I can post it when I get back home, cause I also found all this very weird first 👍

First; First was the timeout dmesg several different chips report about is what I posted above. But again, is this enough to break the radios? which again breaks the UI if tou try enable them? Well... it's not a 'request' sent by the hour, it is constant and .

So, since I had the full sources laying around I found it in search locally (simply loving 'grep -or)

Two; Another pointing to HwInfo, not directly related to my first 'search' related to actually try fix or test the weird though pointed me to; https://github.com/openSUSE/hwinfo/tree/master/src/ids for some reason :+1: That dont do much though, but I cathed it unrelated to first find.

Third search in more debug code, pointed me to HwInfo's file "check_hd.c" and funny seen issues with that 'ccheck_hd" before (^^.)(.

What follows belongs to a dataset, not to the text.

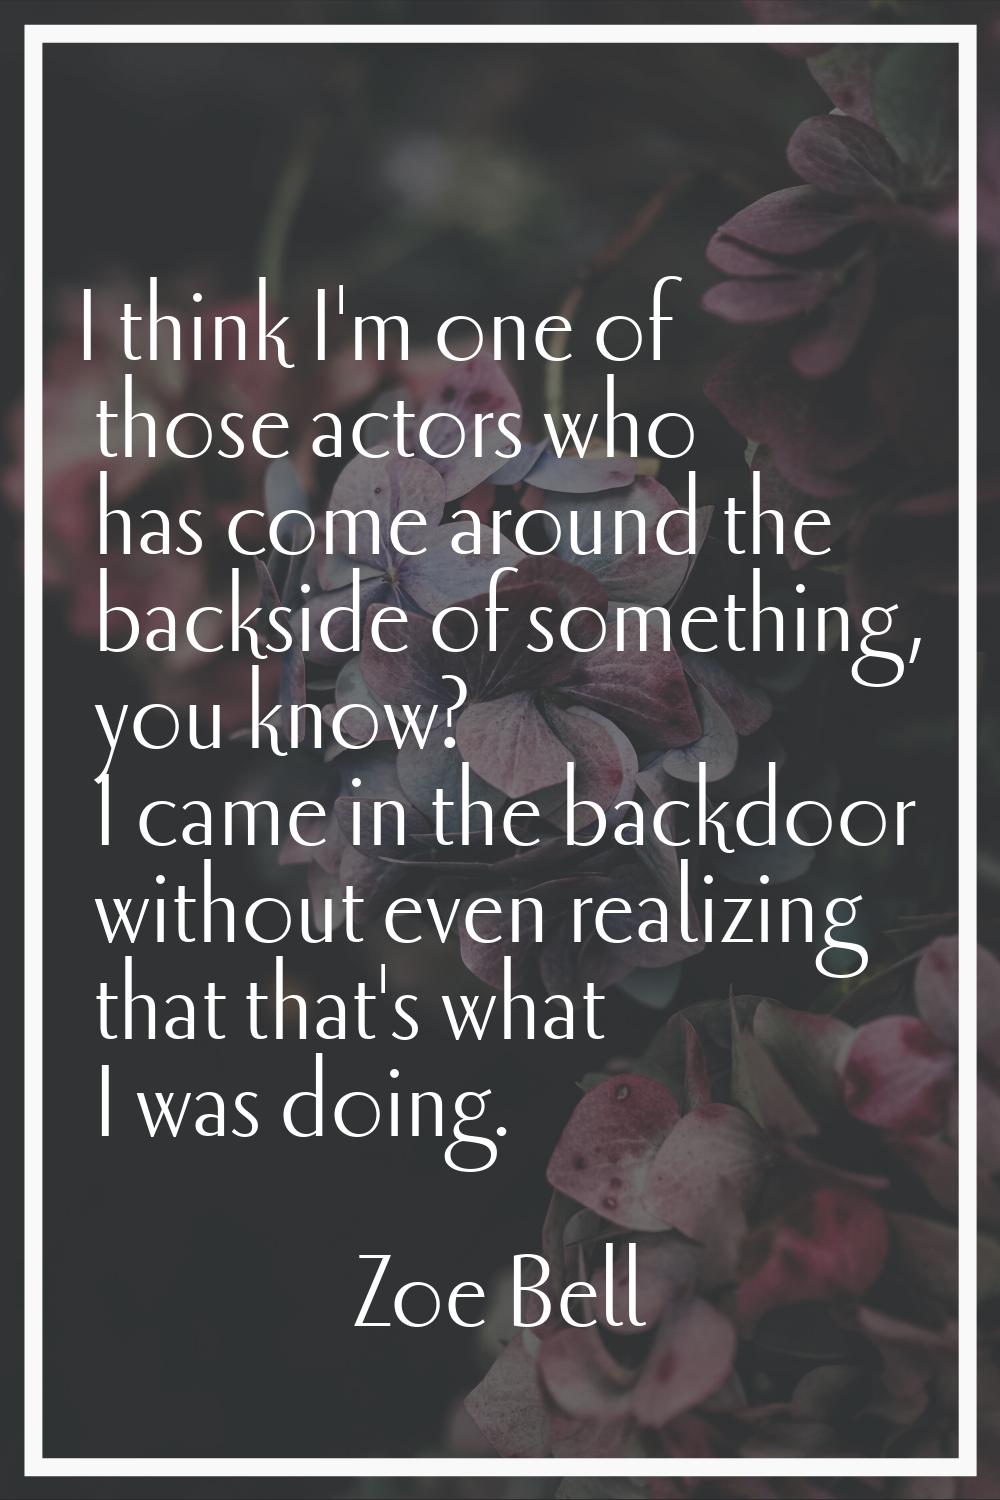 I think I'm one of those actors who has come around the backside of something, you know? I came in 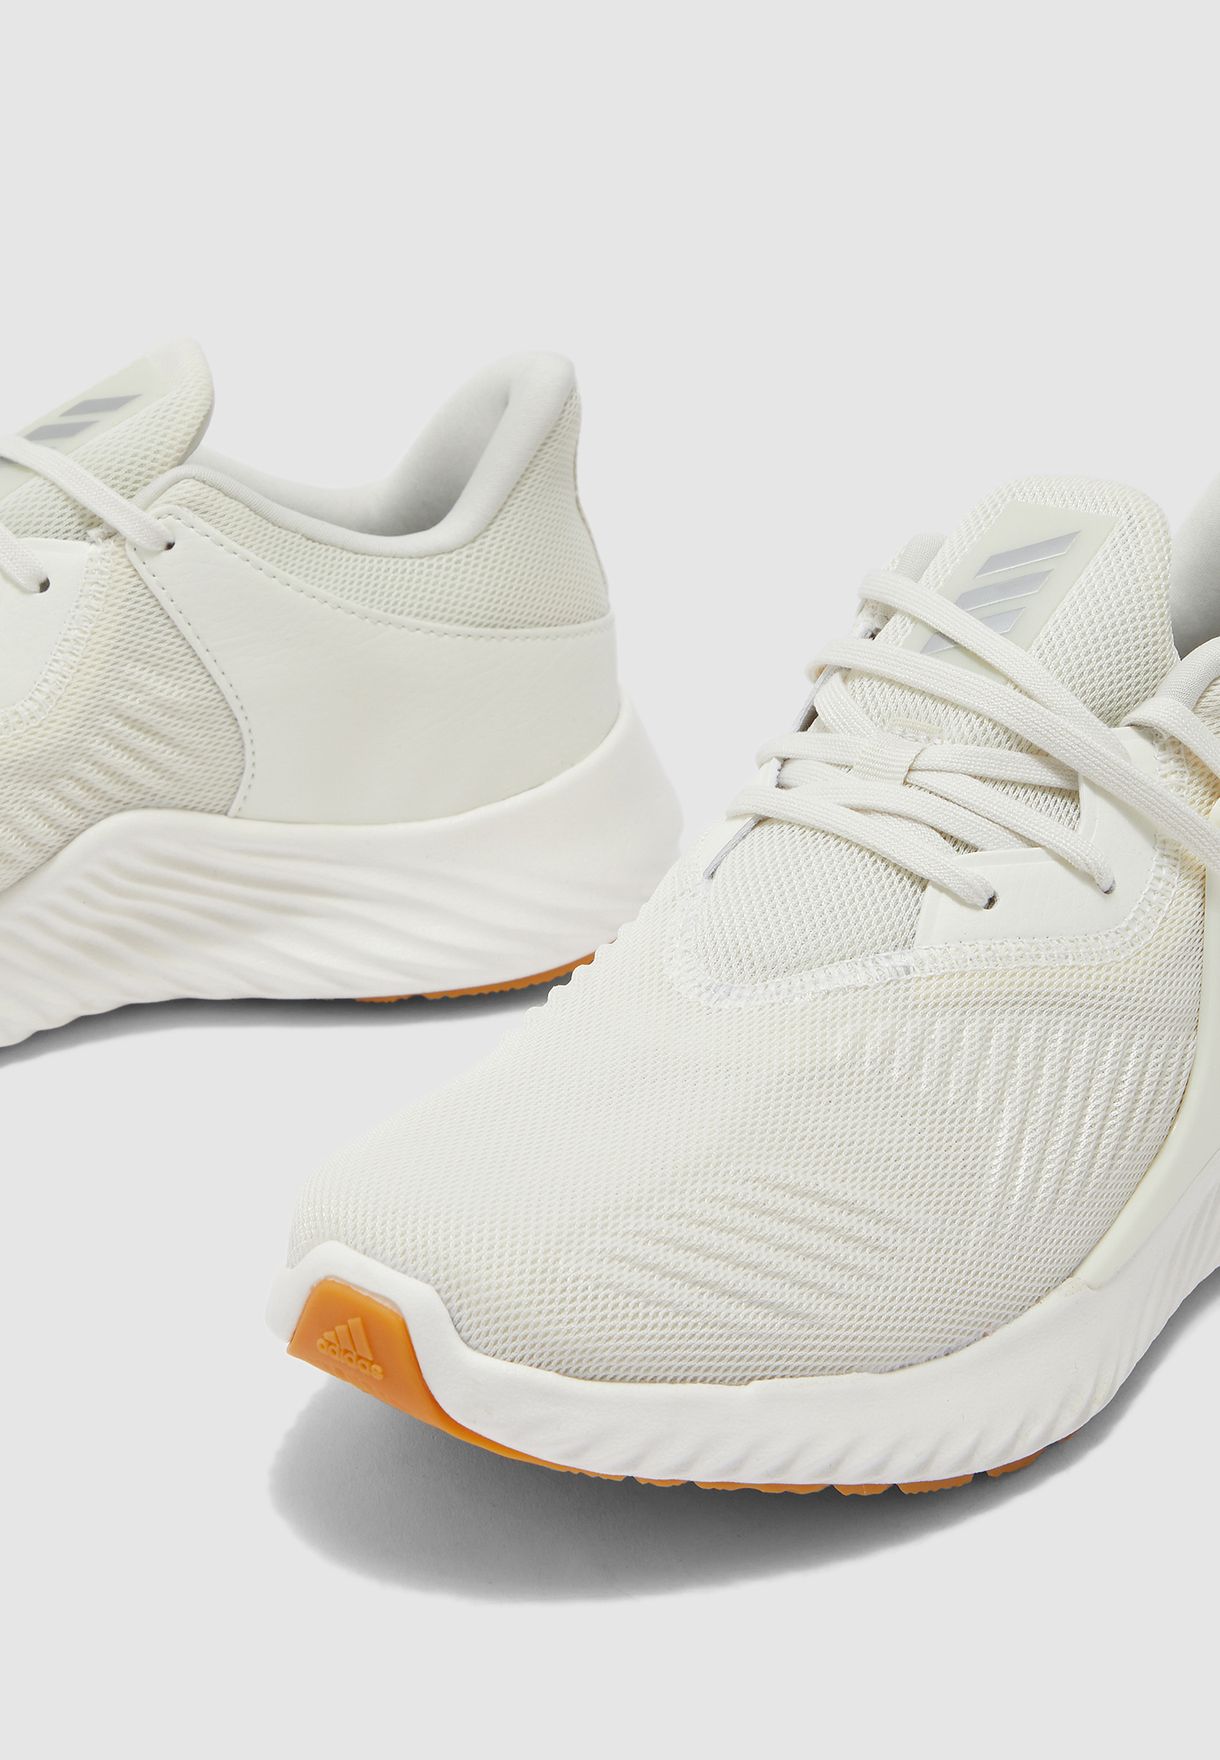 alphabounce rc 2.0 shoes white

And I want my wifi internal radios to work properlyly so I always on a rescue missio, but I realized that it was imported feedly and rather hard to do much fixing myself even if I got 3points to thatcausing the issues.

kimocoder commented 10 months ago

So instead, I fired ups ome E's to see what's in there, some tests just to see what's up with all hints to THAT causing the issues, and WHY and HOW.. like some of us do wanna know. And when I opened I understood that here is alotta old code, CVE/CWE warnings and 'buffers' laying around there. (not surpriused, since code was 20+ years old I kinda expedted it).

But again.. it's not enough for me to PINPOINT that it's main issue though. If I had the chance to just remove it, locally, easy... no probnlem I could be certain. But it's integrated imported through 'feeds' and I could think of a good way to do it without fiddling with OpenWRT source, c I simply ran out of time, even though I had some hours trynna figure this out.

My router now borrows a few ATH10K until I find a solution soon. But a test of it would be the best, OPF COURCE.

Now I will get back home tomorrow, I did document cvarious thingg so we can look at it together or so? Would be nice to hear from those others posted about the same or - related issues I've seen around here and there :1st_place_medal:

brada4 commented 10 months ago

this is not a place to report a bug with package hwinfo, it has no impact whatsoever on any wifi function. check ../packages.

mt76 radios are known to hang in very noisy environments but there is no repeater, what you get is commands to radio timing out when it is locked up already. need cause not consequence. check ../mt76

And tune down carriage a bit. Repeating same does not make it correct.